The flowers of plants in this family are referred to as irregular or zygomorphic and are found on the stem in distinct lateral clusters or verticillasters. These often whorl around the stem, making a leafy spike known as a panicle.
If you look at white dead nettle, Lamium album L. flowers or catnip, Nepeta cataria L. you will recognise the distinct shape of the flowers of this family.
Definition—Zygomorphic: Botanical adjective (of a flower) having only one plane of symmetry, as in a pea or snapdragon. Bilaterally symmetrical.
In botanical classification, flowers of the Lamiaceae family are described thus:
The calyx has five teeth, sometimes two-lipped. The corolla is two-lipped with a couple of exceptions, and the lower lip is three-lobed, the upper lip is two-lobed.3
This botanical ‘shorthand’ conveys a lot of information and can be difficult to follow at first. We can use books on wildflowers to help us identify plants, both by using the pictures and this botanical shorthand. It gets easier with practice.

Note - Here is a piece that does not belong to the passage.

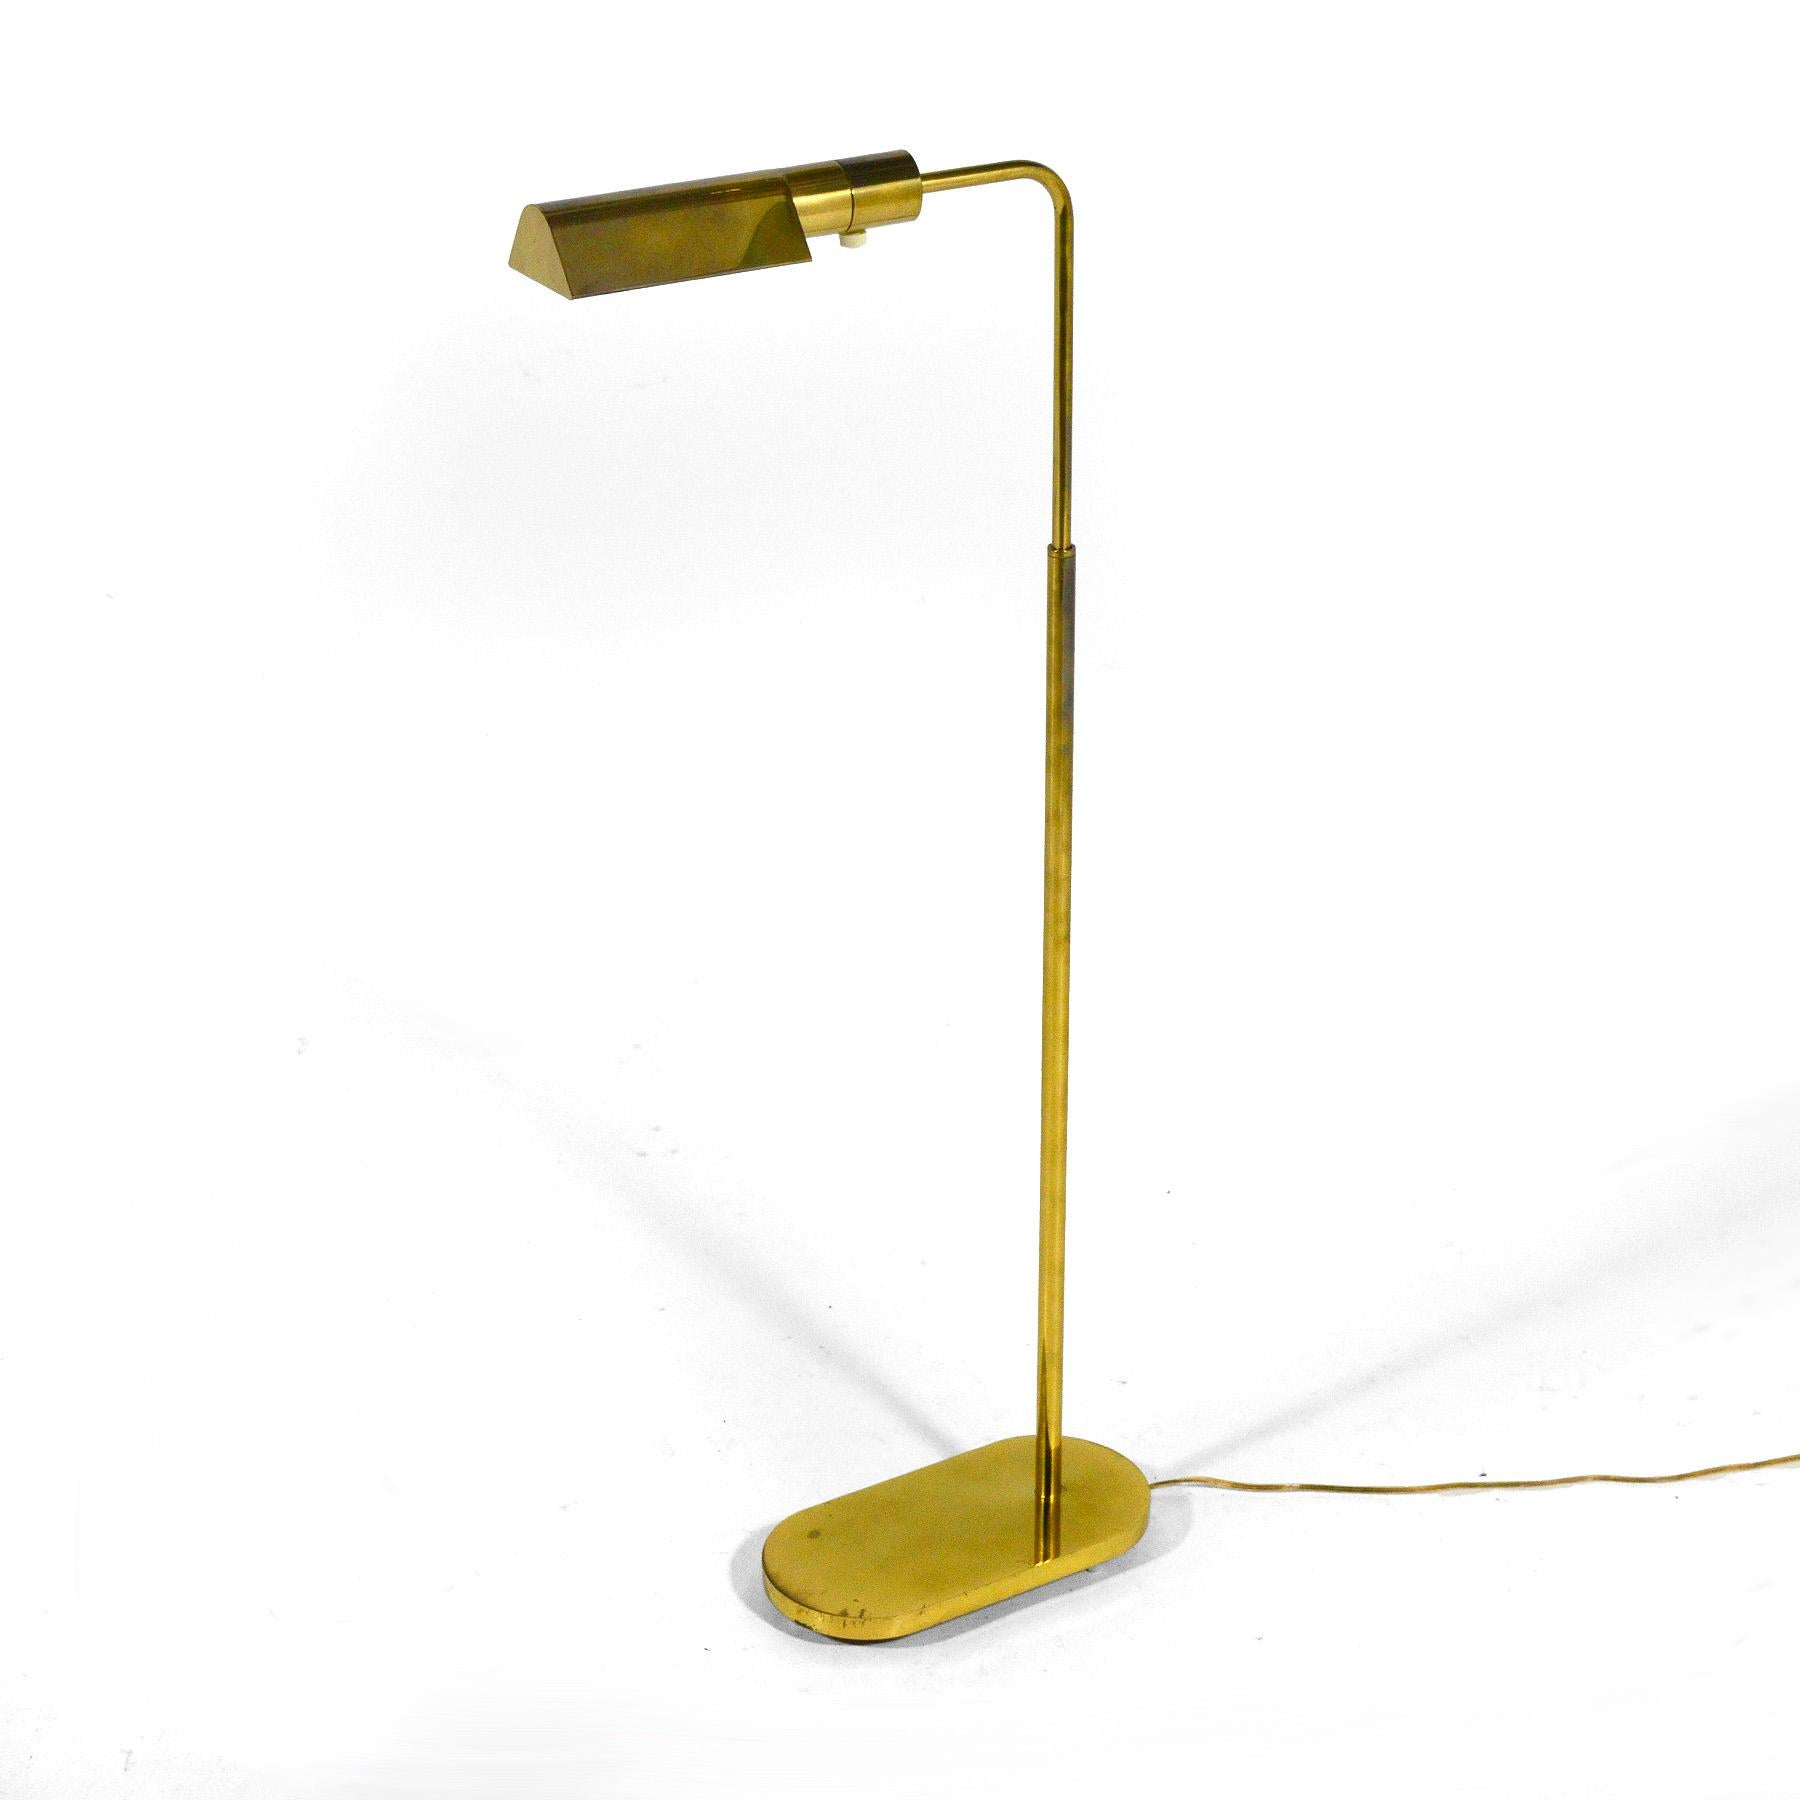 This wonderful pharmacy floor lamp designed by Jon Norman for Casella is impeccably constructed of solid brass. The heavy oval base is raised on nylon feet for a subtle reveal and supports and adjustable neck that’s topped with a classic triangular

There are over 3000 species of Lamiaceae worldwide, including many familiar aromatic medicinal herbs such as:
•Lemon balm, Melissa officinalis L.
•Basil, Ocimum basilicum L.
•Thyme, Thymus vulgaris L.
•Rosemary, Rosmarinus officinalis L.
•Lavender, Lavandula officinalis L.
•Motherwort, Leonurus cardiaca L.
•Sage, Salvia officinalis L.
•White horehound, Marrubium vulgare L.
•Catnip, Nepeta cataria L.
Many of the species of the Lamiaceae are used as ornamentals, garden and culinary herbs as well as medicinal or aromatic herbs in cosmetics, foods, hygiene products and perfumery. The secondary metabolites made by this family include terpenoids and flavonoids, although alkaloids, iridoids and ursolic acid have been found. Many of the medicinal uses are assumed to be connected to the terpenic constituents of the essential oils of these plants, which are fungicidal, antispasmodic and prebiotic.6
Definition—Secondary metabolites: Secondary metabolites are specialised organic compounds produced by plants that are not required for normal growth, photosynthesis, development or reproduction. They are made and broken down in response to environmental factors, and may be essential for protection from insect or microbial attack for example.
It is these secondary compounds that are of particular use to the herbal medicine user over and above the proteins and carbohydrates, vitamins and minerals made by plants that we might use for food.
A discussion of the properties of essential oils will be made later in this chapter.
Daisy family (Asteraceae)
(Known as the daisy or sunflower family).
The daisy, like the sunflower, is easily recognisable; but what appears to be the flower of the daisy is in fact an inflorescence—a head of many, many tiny flowers or tubular florets, grouped together in a head or capitulum, often with lingulate (strap-shaped) ray florets looking like petals around the outer edge.
In the case of common daisy, Bellis perennis L., this arrangement gives the appearance of white petals around a yellow centre, but what we are actually seeing is white strap-like ray florets a), arranged around like rays of the sun, around a capitulum or head, of many tiny individual yellow flowers, b).
This head, known as a disc floret, may be flattened or domed. The disc florets of the sunflower, Helianthus annuus L.